Ling proposed a simplified form of carry lookahead equations that rely on adjacent bit pairs $\left(a_{i}, b_{i}\right)$ and $\left(a_{i-1}, b_{i-1}\right)$. The $i$ th Ling carry


Fig. 1. The (a) Kogge-Stone, (b) Ladner-Fischer, and (c) one representative of Knowles' adders.
$H_{i}$ was defined in [11] as $H_{i}=c_{i}+c_{i-1}$. In this way, each $H_{i}$ can be expressed as

$$
\begin{equation*}
H_{i}=g_{i}+g_{i-1}+p_{i-1} \cdot g_{i-2}+\ldots+p_{i-1} \cdot p_{i-2} \cdot \ldots \cdot p_{1} \cdot g_{0} \tag{3}
\end{equation*}
$$

The Ling carries $H_{i}$ can be computed faster than the corresponding carries $c_{i}$ since they rely on a simpler Boolean function. Consider, for example, the case of $c_{3}$ and $H_{3}$

$$
\begin{aligned}
c_{3} & =g_{3}+p_{3} \cdot g_{2}+p_{3} \cdot p_{2} \cdot g_{1}+p_{3} \cdot p_{2} \cdot p_{1} \cdot g_{0} \\
H_{3} & =g_{3}+g_{2}+p_{2} \cdot g_{1}+p_{2} \cdot p_{1} \cdot g_{0}
\end{aligned}
$$

Assuming the use of two-input logic gates, the calculation of $c_{3}$ requires four logic levels for the fastest implementation, while, for $H_{3}$, only three logic levels suffice.

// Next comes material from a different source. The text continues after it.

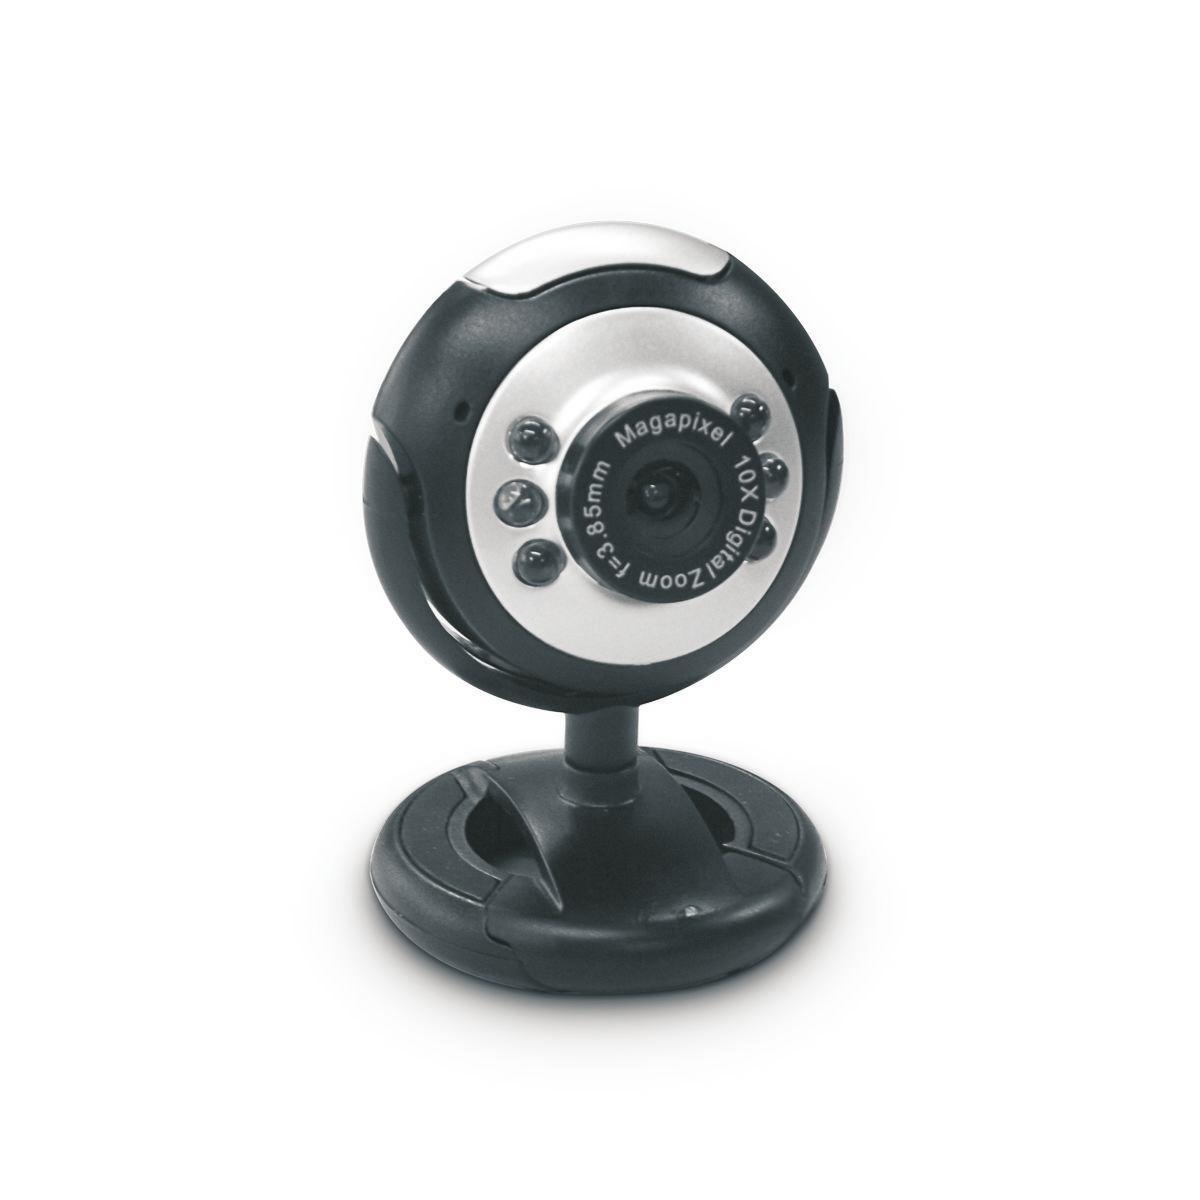 2044259-Dynamode-M-1100M-webcam-2-MP-640-x-480-Pixel-USB-Nero-Argento-Dynamode
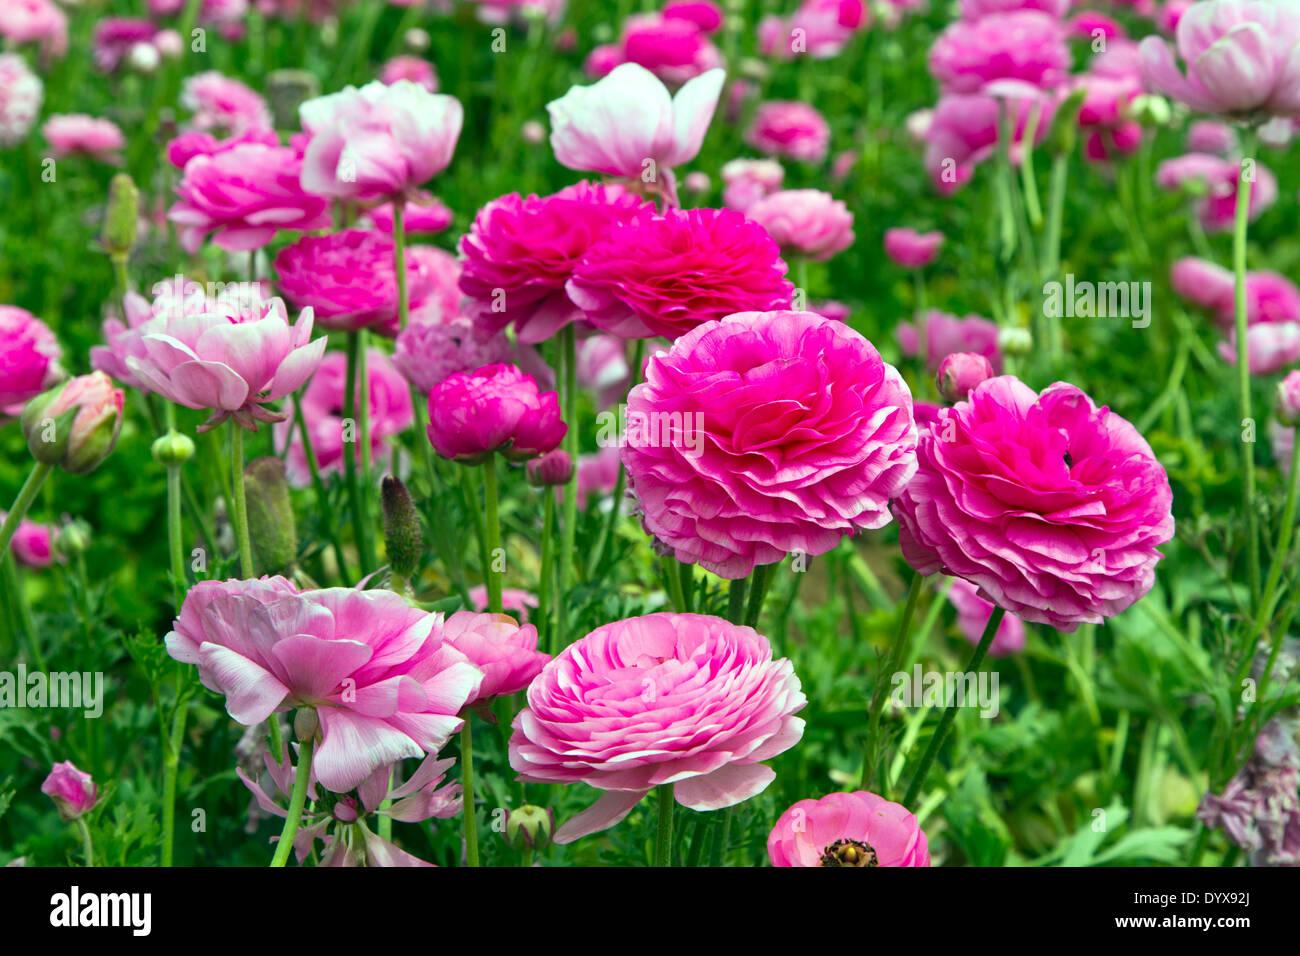 Flower Fields Carlsbad California Usa Stock Photos & Flower Fields ...

Although the computation of the bits $H_{i}$ is simpler, the derivation of the final sum bits $s_{i}$ using the Ling carries is complicated compared to the case where the traditional carries are used, i.e., $s_{i}=d_{i} \oplus c_{i-1}$. Since $c_{i}=p_{i} \cdot H_{i}$, it holds that $s_{i}=d_{i} \oplus c_{i-1}=d_{i} \oplus\left(p_{i-1} \cdot H_{i-1}\right)$. According to [13], the computation of the bits $s_{i}$ can be transformed as follows:

$$
\begin{equation*}
s_{i}=\bar{H}_{i-1} \cdot d_{i}+H_{i-1} \cdot\left(d_{i} \oplus p_{i-1}\right) \tag{4}
\end{equation*}
$$

which can be implemented using a multiplexer that selects either $d_{i}$ or $\left(d_{i} \oplus p_{i-1}\right)$ according to the value of $H_{i-1}$. The notation $\bar{x}$ denotes the complement of bit $x$. Taking into account that, in general, an XOR gate is of almost equal delay to a multiplexer and that both $d_{i}$ and $\left(d_{i} \oplus p_{i-1}\right)$ are computed in fewer logic levels than $H_{i-1}$, then no extra delay is imposed by the use of Ling carries for the computation of the sum bits $s_{i}$. In fact, the sum bits are computed faster because of the faster computation of Ling carries.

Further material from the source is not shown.